» TO DO: Exactly the lines from the one containing "Tye and Kade" through the one containing "The Mind as" in the listing below are to be copied, with the pictures left out.

» WORKING DATA:
────
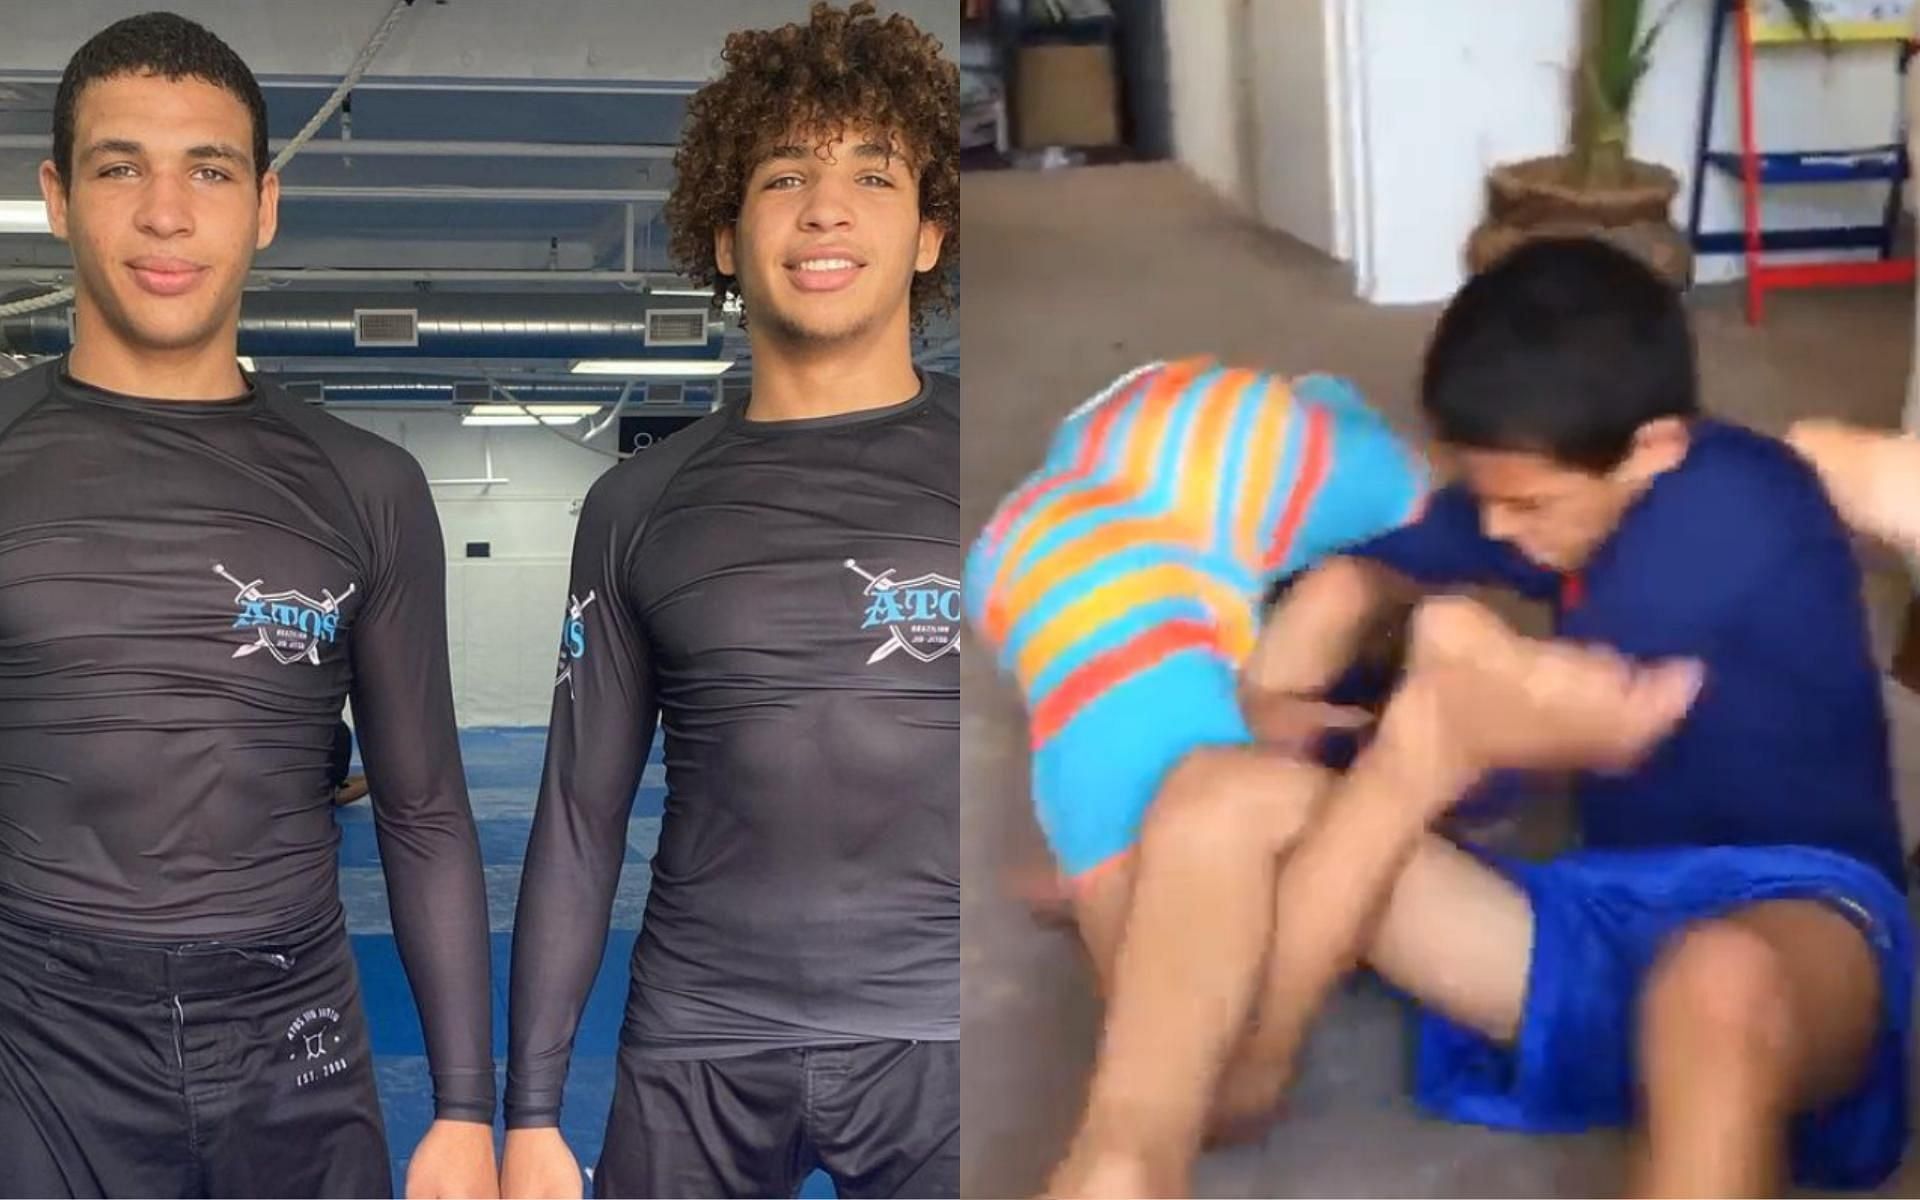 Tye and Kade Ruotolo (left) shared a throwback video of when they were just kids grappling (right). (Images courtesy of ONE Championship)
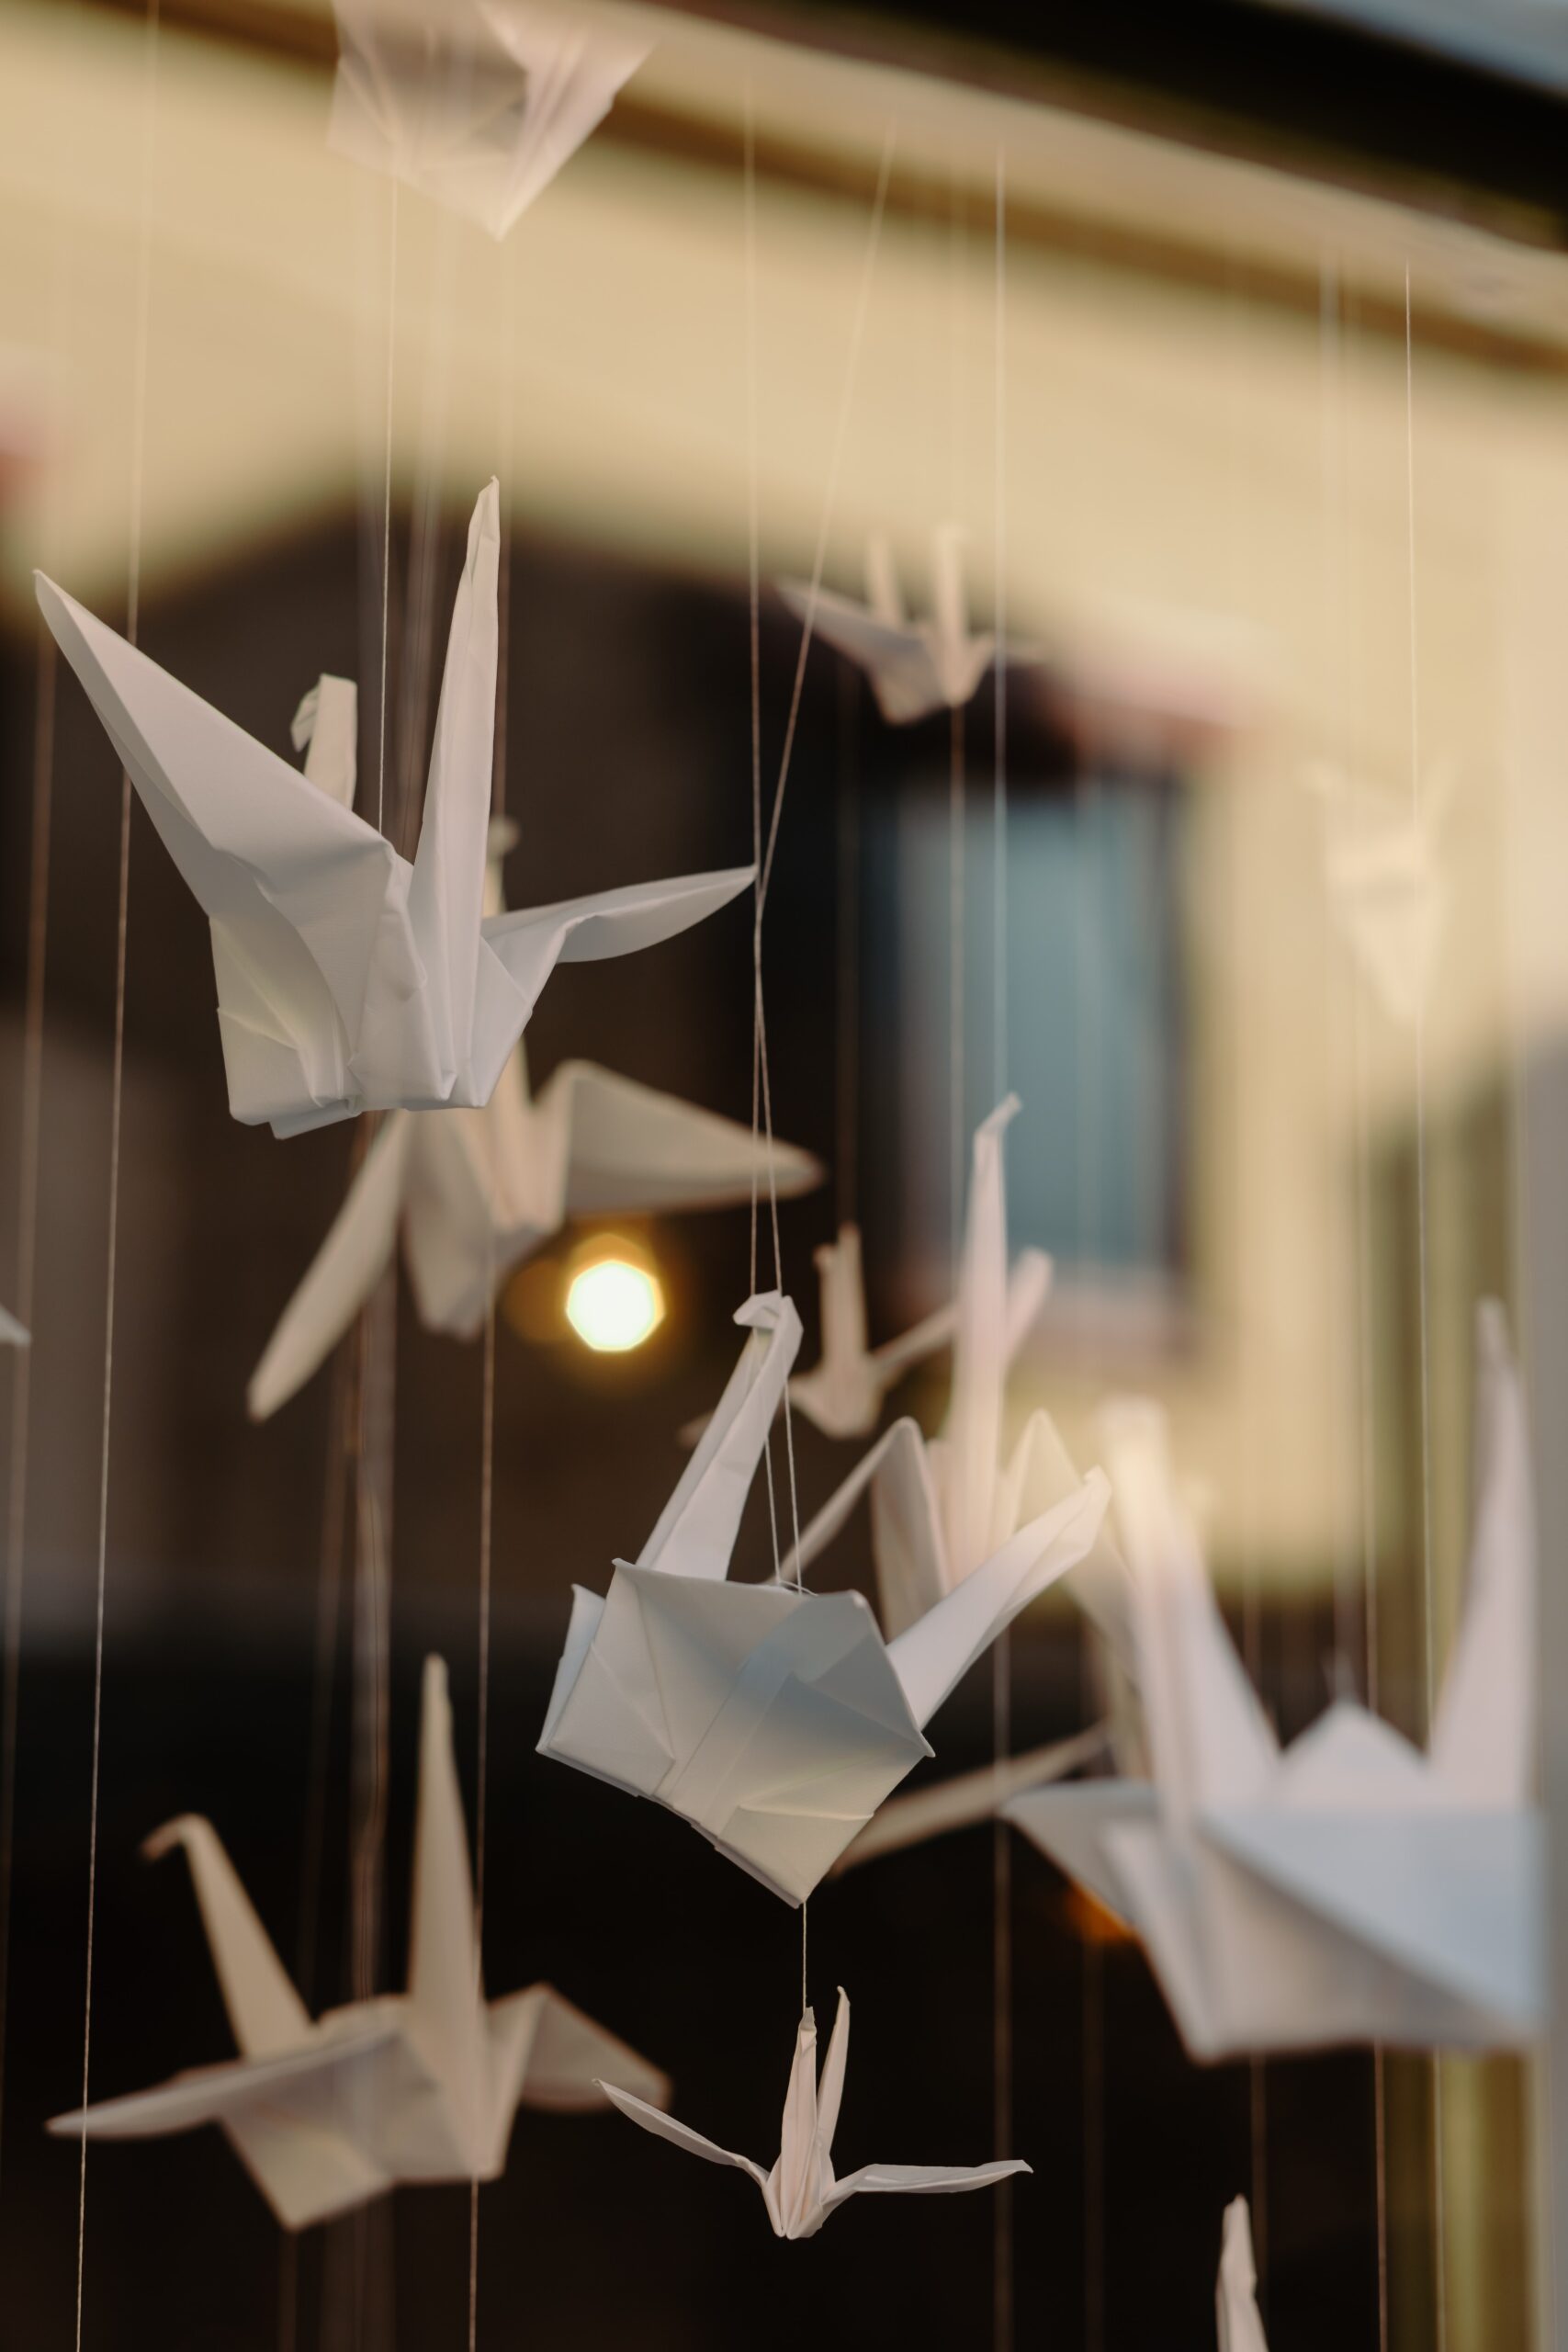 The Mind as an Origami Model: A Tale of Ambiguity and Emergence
────
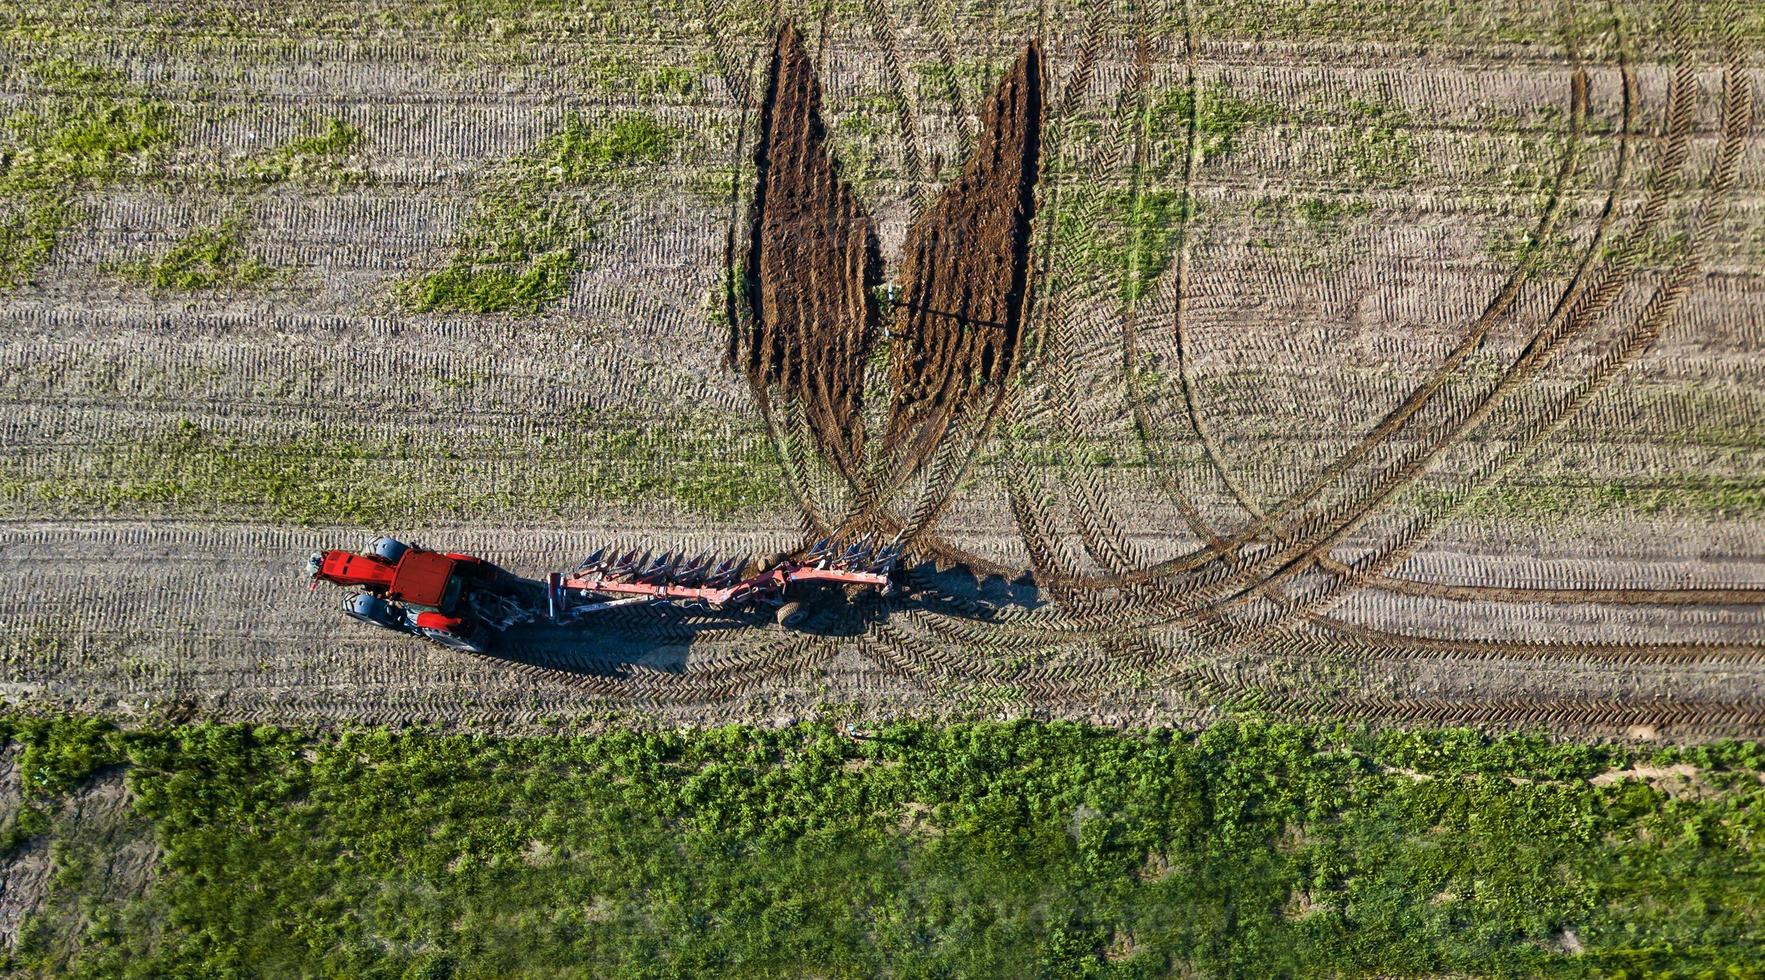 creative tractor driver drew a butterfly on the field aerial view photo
────
» ANSWER SPACE:
 Tye and Kade Ruotolo (left) shared a throwback video of when they were just kids grappling (right). (Images courtesy of ONE Championship)
 The Mind as an Origami Model: A Tale of Ambiguity and Emergence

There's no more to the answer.